WORK REQUIRED ▸
Every line from the line containing "Chlapecké tričko - KUGO" through the end of the data is to be reproduced exactly, excluding pictures.

DATASET SECTION ▸
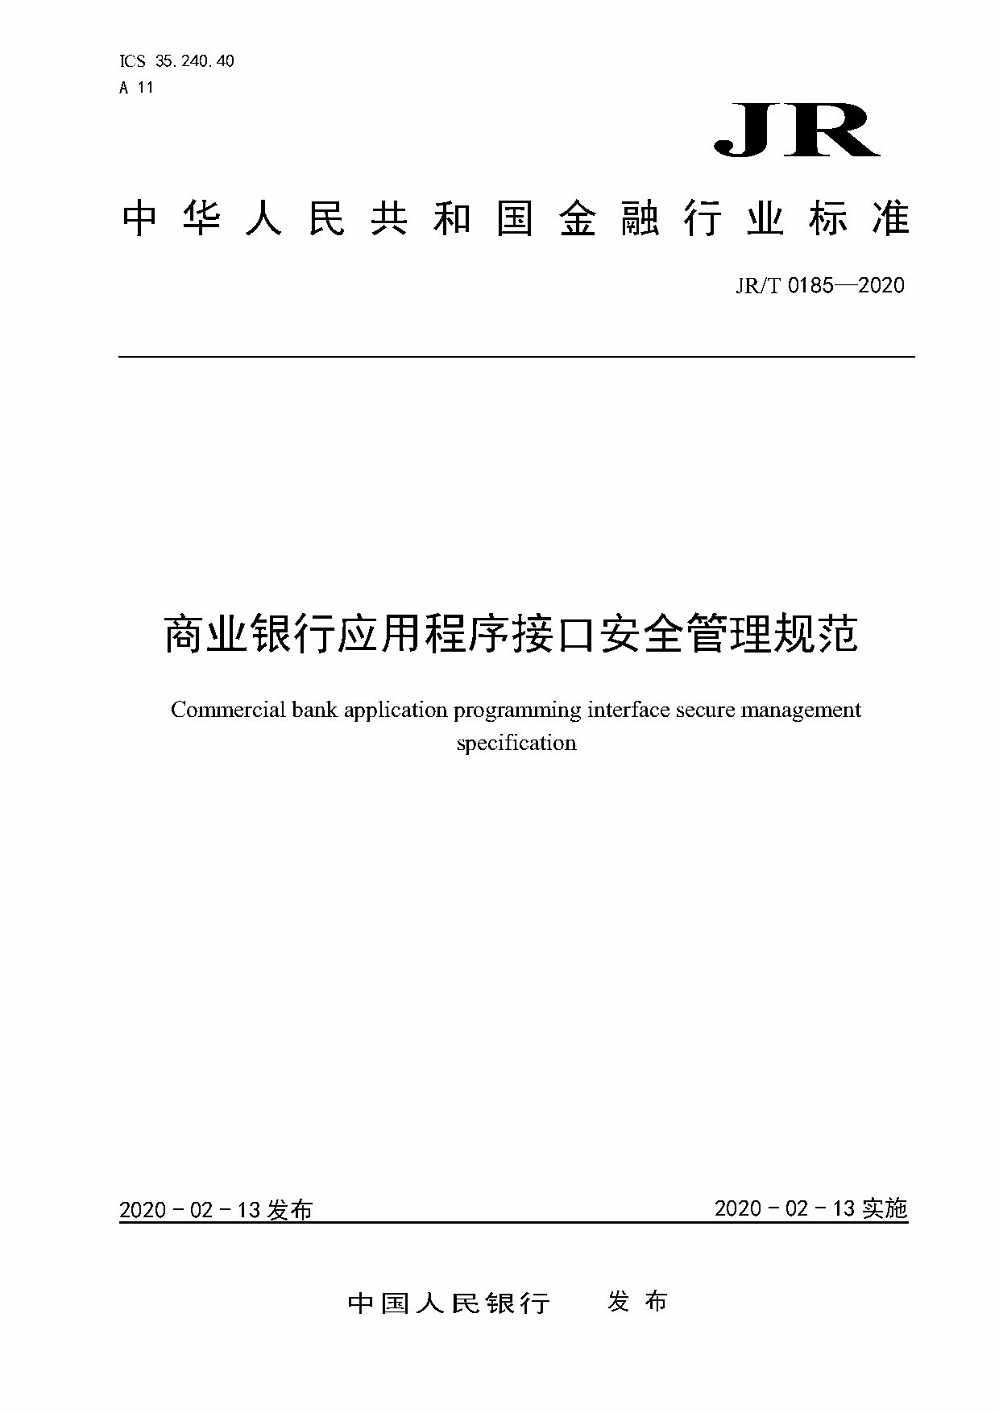 《商业银行应用程序接口安全管理规范》（JR/T0185-2020）【全文附PDF版下载】
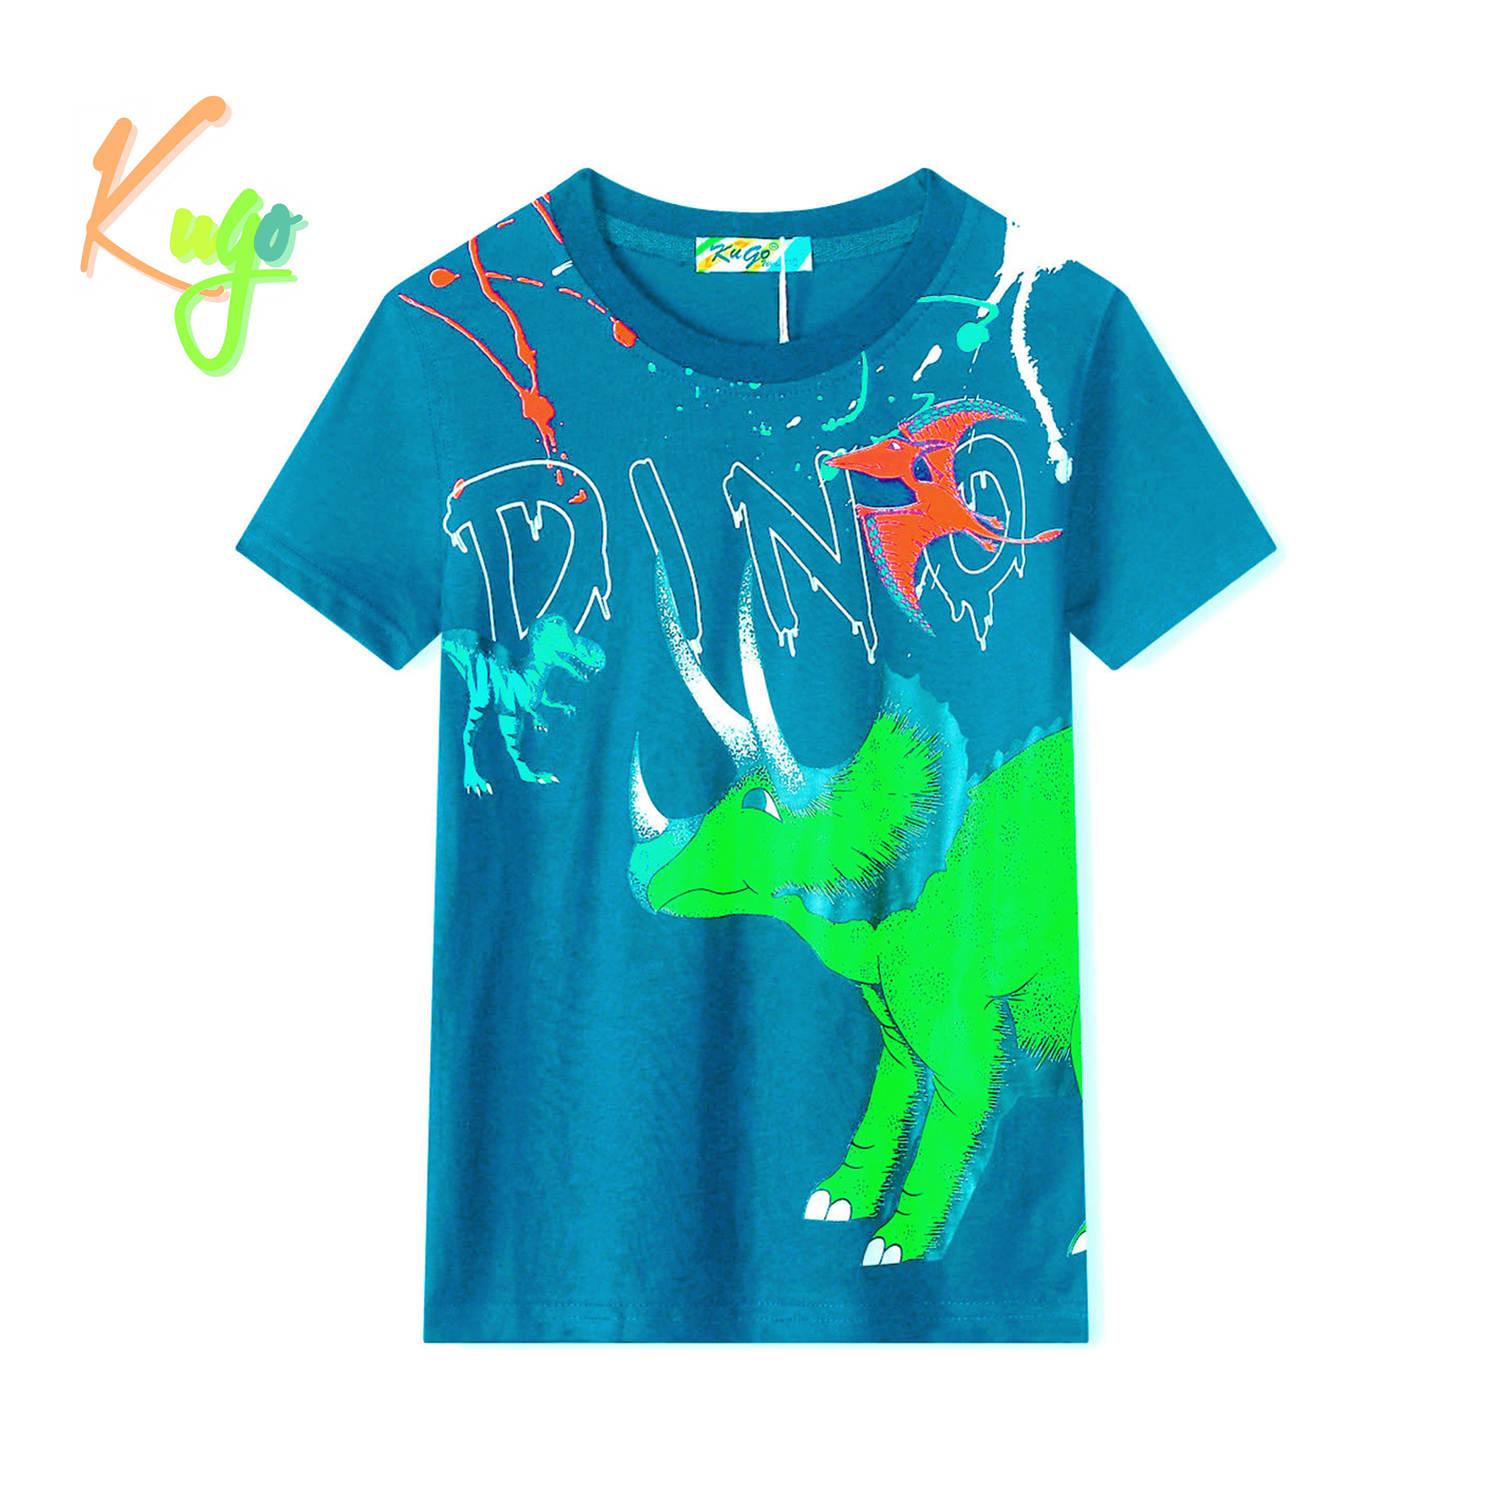 Chlapecké tričko - KUGO TM8571C, tyrkysová Barva: Tyrkysová, Velikost: 122
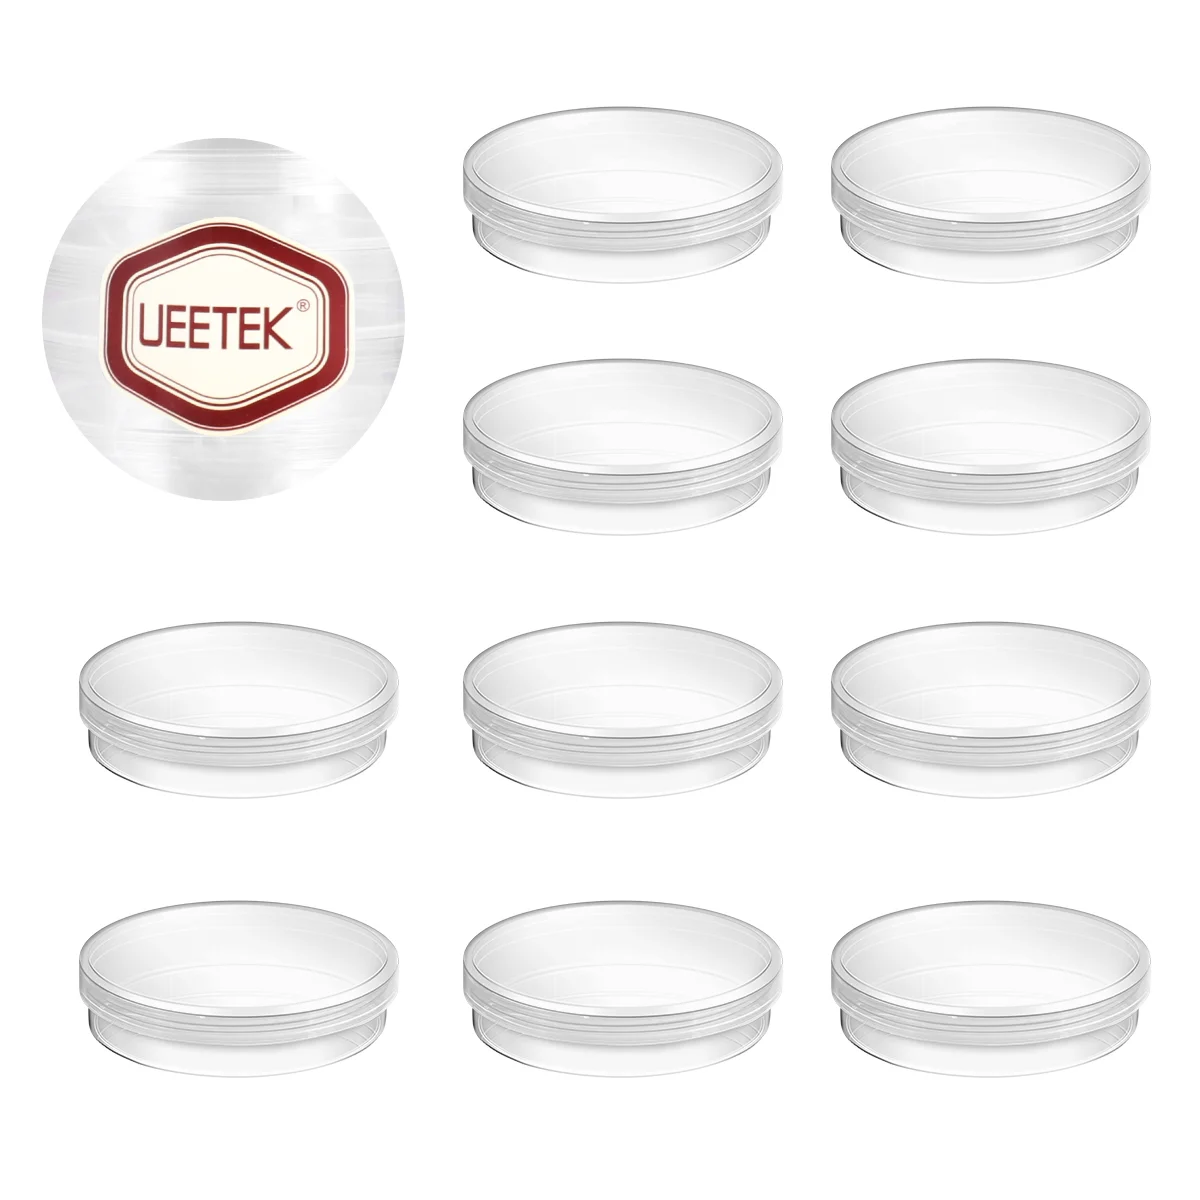 Plato de Petri transparente con tapa, 10 piezas, 70mm, para la escuela, laboratorio biomédico, química

REPLY ▸
 Chlapecké tričko - KUGO TM8571C, tyrkysová Barva: Tyrkysová, Velikost: 122
 Plato de Petri transparente con tapa, 10 piezas, 70mm, para la escuela, laboratorio biomédico, química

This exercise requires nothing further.